Aqueous Reconstitution Stability of Cidofovir Dihydrate with Probenecid
pH-Dependent Solubility Cliffs of Cidofovir Dihydrate: Navigating the 5.0–7.0 Zone for Stable Aqueous Reconstitution
When reconstituting cidofovir dihydrate for intravenous administration, the pH of the solution is the single most critical factor governing both solubility and chemical stability. As a phosphonate nucleotide analogue, cidofovir dihydrate (also referred to as HPMPC or Vistide Hydrate) exhibits a sharp solubility cliff between pH 5.0 and 7.0. At pH values below 4.0, the molecule is fully protonated and highly soluble, but this comes at the cost of accelerated hydrolysis of the phosphonate ester bond. Conversely, above pH 7.5, the dihydrate form can undergo deprotonation, leading to a drop in solubility and potential precipitation of the less soluble free acid. In our hands, the optimal reconstitution window for clinical formulations is pH 6.0–6.5, where solubility exceeds 50 mg/mL and the rate of degradation is minimized over a 24-hour period at controlled room temperature.
One non-standard parameter we’ve observed in field stability studies is a subtle viscosity shift when reconstituted solutions are stored at sub-zero temperatures. Specifically, at -5°C, the dynamic viscosity of a 75 mg/mL cidofovir dihydrate solution in 0.9% saline increases by approximately 15% compared to 25°C, which can affect syringeability through fine-gauge infusion lines. This behavior is not typically captured in standard COA specifications but is critical for hospital pharmacies operating in cold chain conditions. Please refer to the batch-specific COA for exact purity and water content, as these can influence the reconstitution behavior.
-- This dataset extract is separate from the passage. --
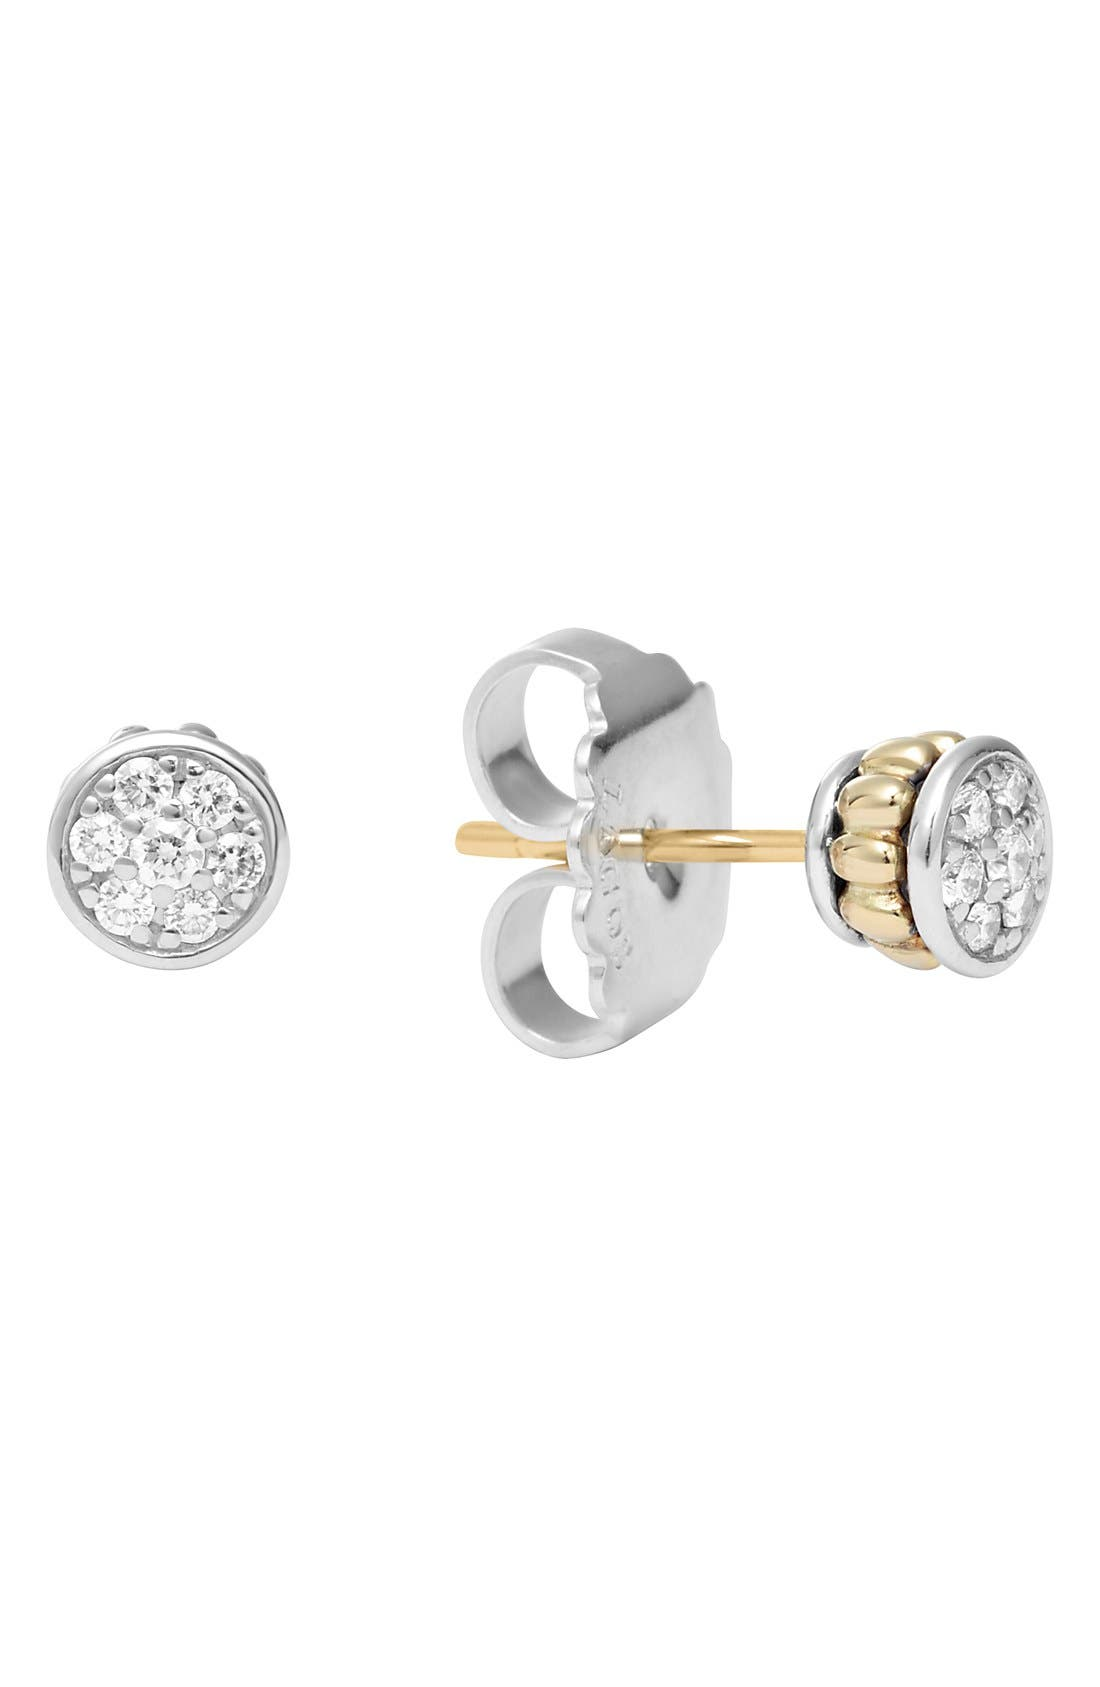 Diamond & Caviar Stud Earrings,                             Alternate thumbnail 3, color,                             040

For R&D managers evaluating pharmaceutical API sources, understanding these pH-dependent solubility cliffs is essential when comparing equivalent products. Our cidofovir dihydrate, manufactured by NINGBO INNO PHARMCHEM CO.,LTD., is designed as a seamless drop-in replacement for the innovator product, with identical performance benchmarks in terms of reconstitution time, clarity, and stability. We recommend always using a buffered vehicle, such as 0.9% sodium chloride injection adjusted to pH 6.0–6.5 with dilute hydrochloric acid or sodium hydroxide, to ensure consistent results. For further insights into the chemical handling of this molecule, see our article on cidofovir dihydrate in dioxolenyl prodrug esterification routes.
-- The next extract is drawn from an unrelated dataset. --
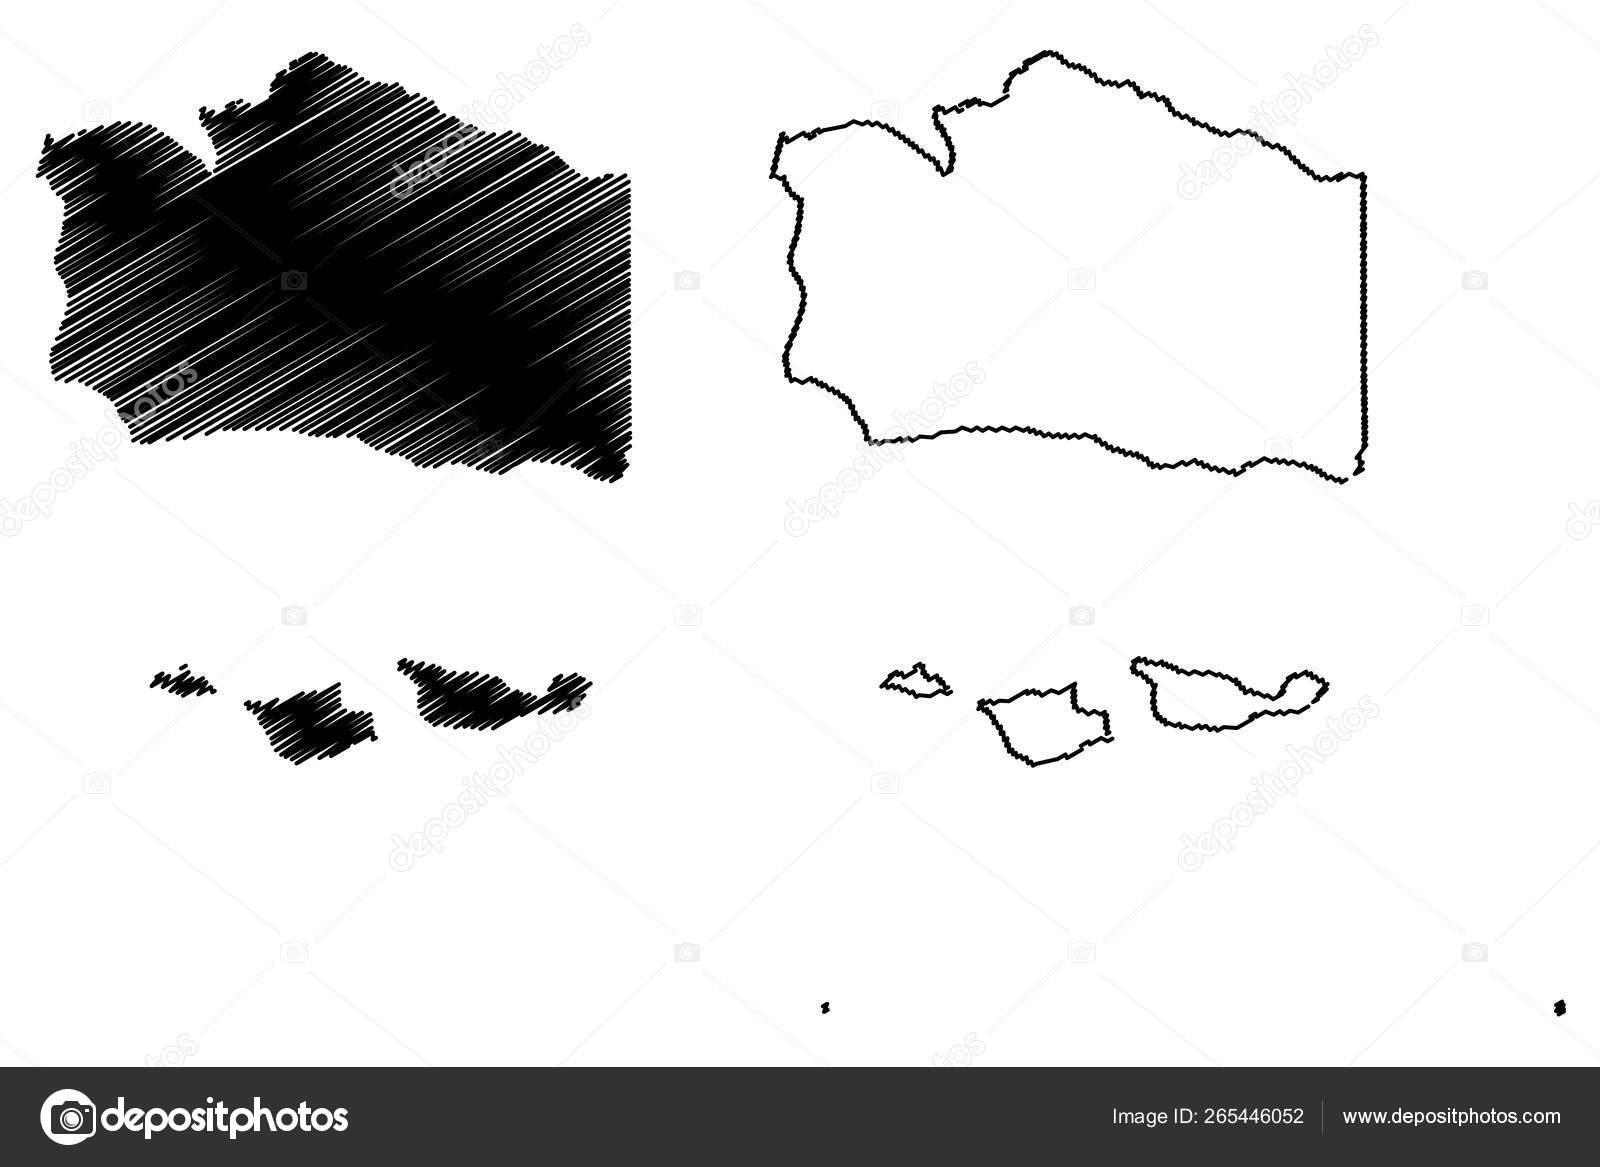 Santa Barbara County, California map vector — Stock Vector ... on ojai california map, san pedro california map, san diego california map, grossmont california map, bay area california map, ventura california map, davis california map, san francisco california map, carmel california map, thousand oaks california map, orange county california map, paso robles california map, anaheim california map, mono lake california map, palm springs california map, lake tahoe california map, long beach california map, pacific coast highway california map, los angeles california map, turlock california map,

Probenecid Co-Dissolution Effects on Ionic Strength and Delayed Precipitation: A Mechanistic Analysis
Co-administration of probenecid with cidofovir is a well-established clinical practice to reduce nephrotoxicity by inhibiting organic anion transporter-mediated uptake in renal proximal tubules. However, when both drugs are present in the same infusion bag—a practice sometimes explored to simplify administration—the ionic strength of the solution increases significantly, which can trigger delayed precipitation of cidofovir dihydrate. Probenecid is a weak acid with limited aqueous solubility, and its sodium salt contributes additional sodium ions that screen the electrostatic repulsion between cidofovir molecules, promoting aggregation.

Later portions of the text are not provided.